Я перечитал эту коротенькую записку раз десять, не меньше, силясь проникнуть в смысл, прозреть его между строк, подобно талмудисту, экзегету или влюбленному подростку: что скрывается за словами? Точнее, чего он хочет? Что я натворил? Какие невзгоды меня ожидают? Мои еврейские страхи сейчас уже, разумеется, кажутся заурядными – да и тогда, пожалуй, тоже казались таковыми, – но это не отменяет их реальности. Некогда они были реальными. А порой даже курьезными.
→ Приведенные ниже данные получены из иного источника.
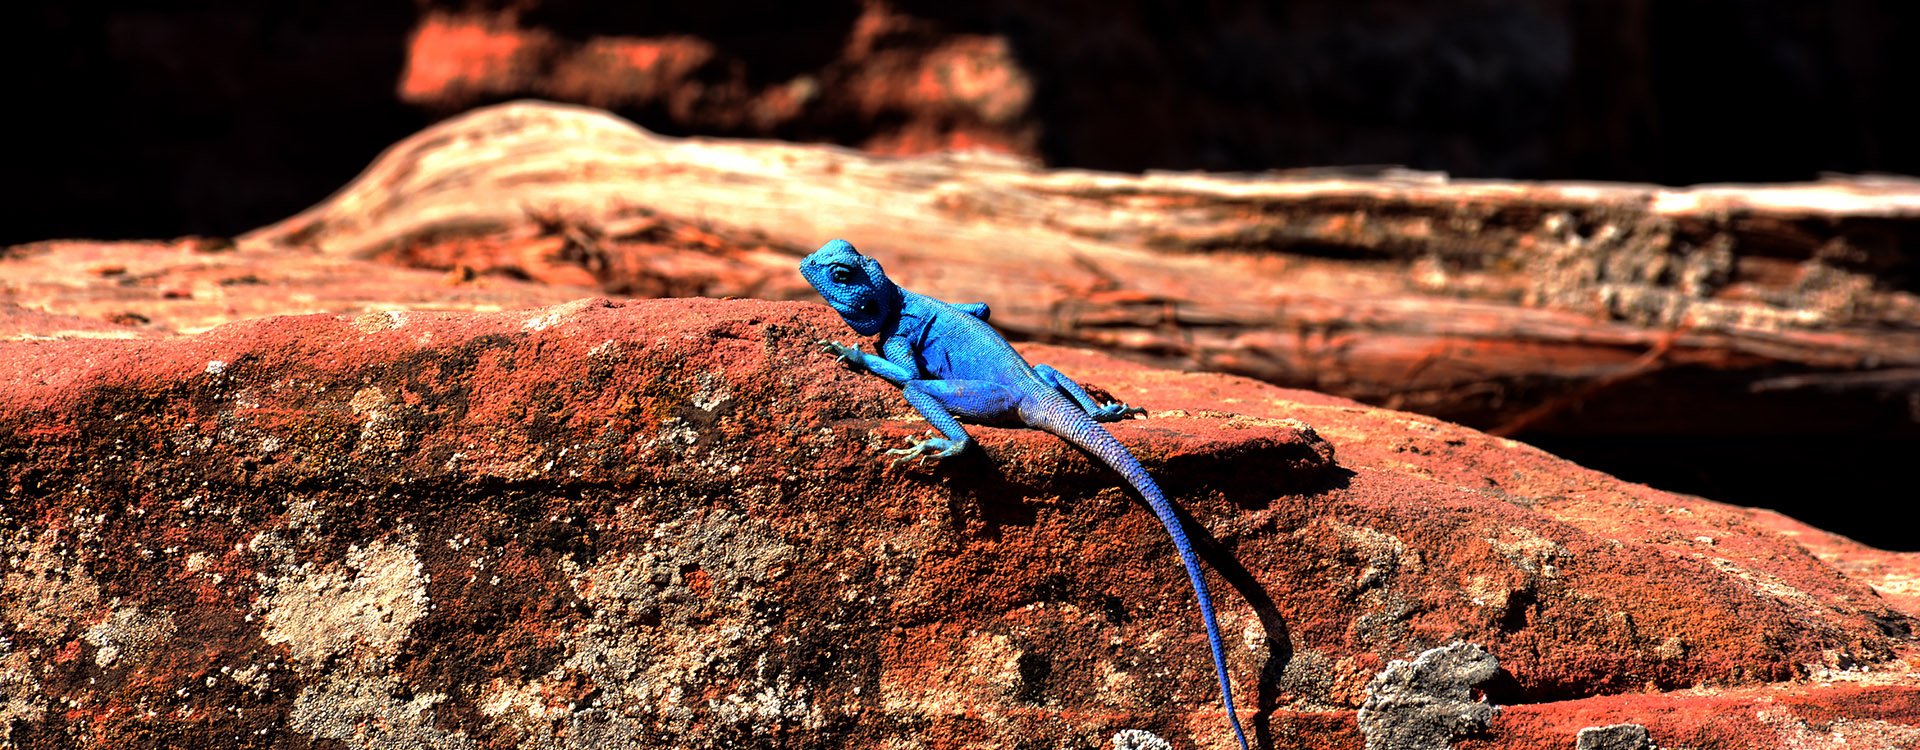 The Blue Sinai Agama in Dana nature reserve in Jordan

Не хочу, поддавшись соблазну, сбросить со счетов эти страхи, эти наследственные неврозы, поскольку на деле в теперешней их банальности следует винить то, как их изображают в книгах, фильмах, по телевизору – в СМИ; в этом следует винить нехватку воображения тех, кто транслирует их последние полвека. Нью-йоркский парнишка, волею случая новичок на историческом факультете, начинавший второй год двухлетнего испытательного срока перед тем, как быть принятым (или не принятым) в штат, одутловатый гипертоник, пугливый и даже питавшийся страхом, я был воплощением стереотипного еврея – несобранного, склонного иронизировать над собой и всему придавать избыточное значение, – карикатурами на которого Вуди Аллен и многие еврейско-американские писатели добились диковинных финансовых и сексуальных успехов. (Рот в младшем поколении, Беллоу и Маламуд в старшем.) В некотором смысле – и мне по сей день мучительно вспоминать об этом – я принадлежал к когорте, научившей Америку словам шлемиль, шлемазл, небех и клоц; пузатый сосуд одержимостей и угрызений совести, приправленных черным юмором, лохматый, потный, с сальною кожей, укомплектованный комплексами, вечно боящийся ошибиться, вечно боящийся сказать не то, или надеть не тот галстук, или вместо булавки для галстука надеть зажим, или надеть запонки там, где достало бы пуговиц, или надеть клетчатую хлопковую рубашку, когда пора носить вельвет, или, того хуже, перепутать что-то простое: в каком порядке штаты принимали в Союз… Делавэр, Пенсильвания, Нью-Джерси… Выходя следом за студентами моего семинара в багряную толчею кампуса[16], я твердил сей розарий, отсчитывая, как бусины четок, названия штатов: Джорджия, Массачусетс, Коннектикут? Или Джорджия, Коннектикут, Массачусетс?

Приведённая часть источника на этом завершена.